Такие типы на людях страшно негодуют, но с огромным удовольствием ходят по общественным уборным и читают непристойные надписи на стенках.

Употребив в своей книге несколько сильных выражений, я просто запечатлел то, как разговаривают между собой люди в действительности.

Нельзя требовать от трактирщика Паливца, чтобы он выражался так же изысканно, как госпожа Лаудова,{86} доктор Гут, госпожа Ольга Фастрова{87} и ряд других лиц, которые охотно превратили бы всю Чехословацкую республику в большой салон, по паркету которого расхаживают люди во фраках и белых перчатках; разговаривают они на изысканном языке и культивируют утончённую салонную мораль, а за ширмой этой морали салонные львы предаются самому гадкому и противоестественному разврату.

* * *

Пользуюсь случаем сообщить здесь, что трактирщик Паливец жив. Он переждал войну в тюрьме и остался таким же, каким был во время приключения с портретом императора Франца-Иосифа.

Прочитав о себе в моей книжке, он навестил меня и потом купил больше двадцати экземпляров первого выпуска, роздал их своим знакомым и таким образом содействовал распространению этой книги.

Ему доставило громадное удовольствие всё, что я о нём написал, выставив его как всем известного грубияна. «Меня уже никто не переделает, — сказал он мне. — Я всю жизнь выражался грубо и говорил то, что думал, и впредь так буду говорить. Я и не подумаю затыкать себе глотку из-за какой-то ослицы. Нынче я стал знаменитым».

Его уважение к себе возросло. Его слава зиждется на нескольких сильных выражениях. Это его вполне удовлетворяет. Если бы, предположим, точно и верно воспроизведя его манеру говорить, я захотел бы тем самым поставить ему на вид, так, мол, выражаться не следует (что, конечно, в мои намерения не входило), я безусловно оскорбил бы этого порядочного человека.

Употребляя первые попавшиеся выражения, он, сам того не зная, просто и честно выразил протест чеха против всякого рода низкопоклонства. Неуважение к императору и к приличным выражениям было у него в крови.

* * *

Отто Кац тоже жив. Это подлинный портрет фельдкурата. После переворота он забросил своё занятие, выступил из церкви и теперь служит доверенным на фабрике бронзы и красок в Северной Чехии. Он написал мне длинное письмо, в котором угрожал, что разделается со мной. Дело в том, что одна немецкая газета поместила перевод главы, в которой он изображён таким, каким выглядел в действительности. Я зашёл к нему, и всё кончилось прекрасно. К двум часам ночи он не мог уже стоять на ногах, но без устали проповедовал и в конце концов заявил: «Эй вы, гипсовые головы! Я — Отто Кац, фельдкурат!»

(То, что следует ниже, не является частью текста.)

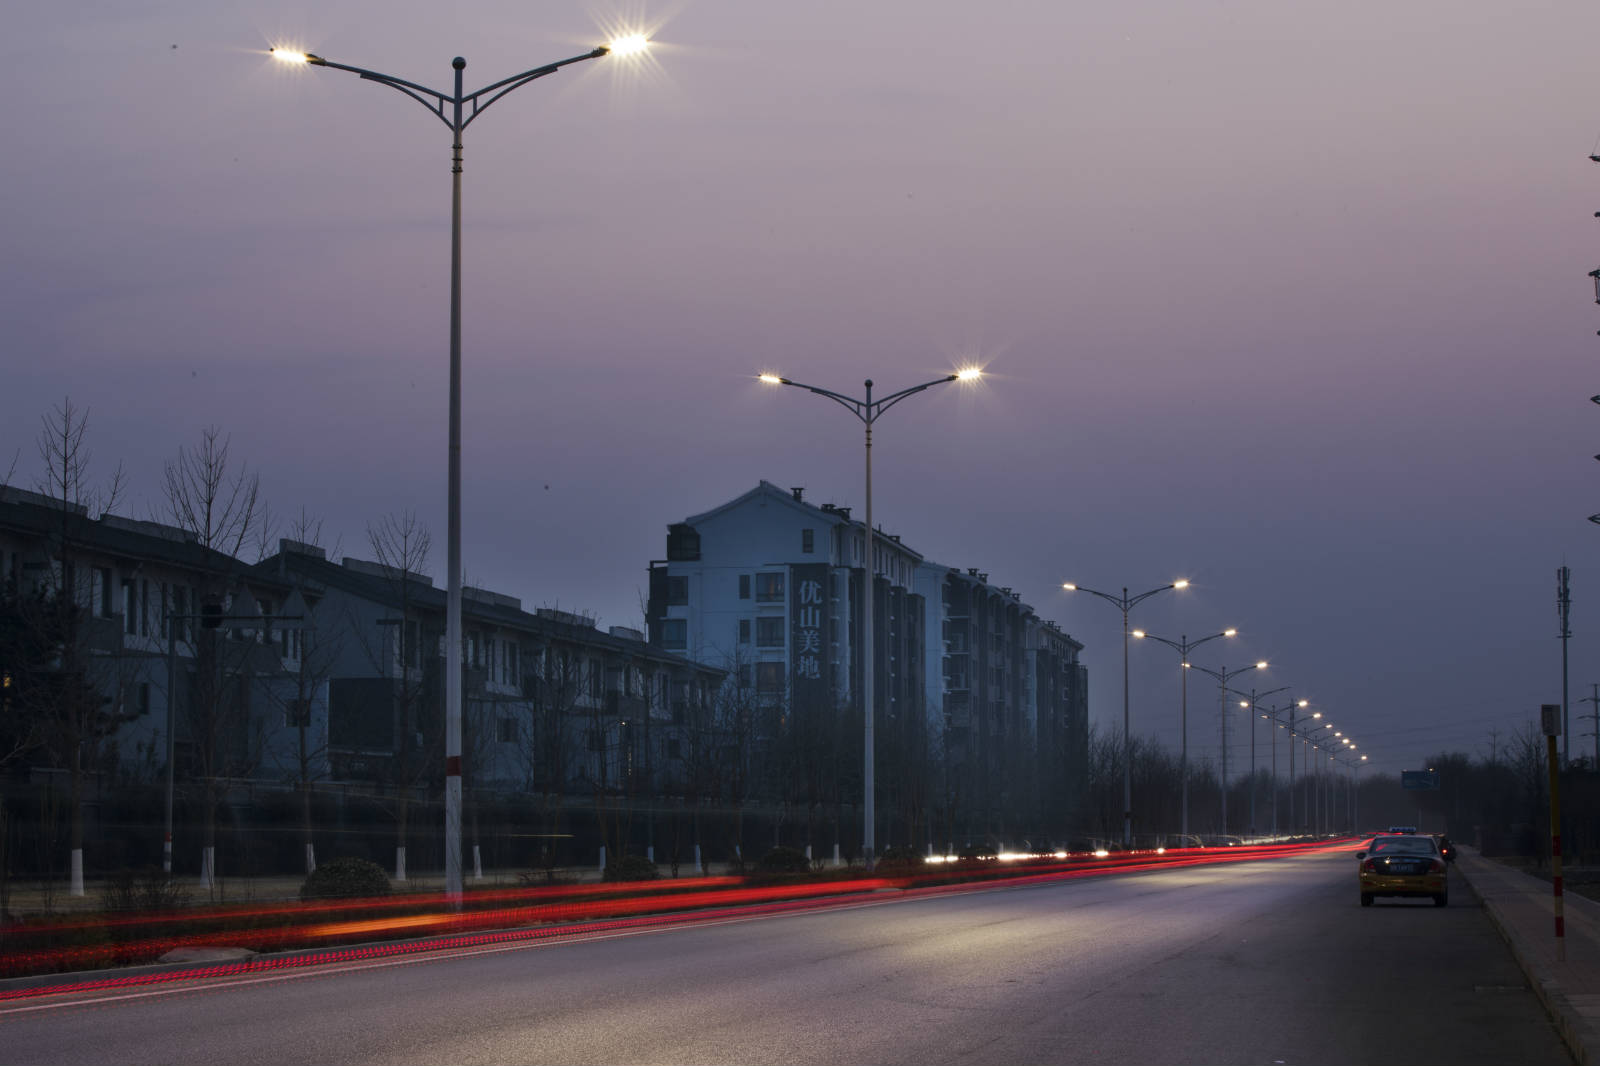 天竺房地产开发区道路照明合同能源管理（EMC）项目——2018神灯奖申报工程

Много людей типа покойного Бретшнейдера, государственного сыщика старой Австрии, и нынче рыскает по республике. Их чрезвычайно интересует, кто что говорит.

* * *

Не знаю, удастся ли мне этой книгой достичь того, к чему я стремился. Однажды я слышал, как один ругал другого: «Ты глуп, как Швейк». Это свидетельствует о противоположном. Однако если слово «Швейк» станет новым ругательством в пышном венке бранных слов, то мне останется только удовлетвориться этим обогащением чешского языка.

ЯРОСЛАВ ГАШЕК

ЧАСТЬ ВТОРАЯ

НА ФРОНТЕ

Глава I

ЗЛОКЛЮЧЕНИЯ ШВЕЙКА В ПОЕЗДЕ

В одном из купе второго класса скорого поезда Прага — Чешские Будейовицы ехало трое пассажиров: поручик Лукаш, напротив которого сидел пожилой, совершенно лысый господин, и, наконец, Швейк. Последний скромно стоял у двери и почтительно готовился выслушать очередной поток ругательств поручика, который, не обращая внимания на присутствие лысого штатского, всю дорогу орал, что Швейк — скотина и тому подобное.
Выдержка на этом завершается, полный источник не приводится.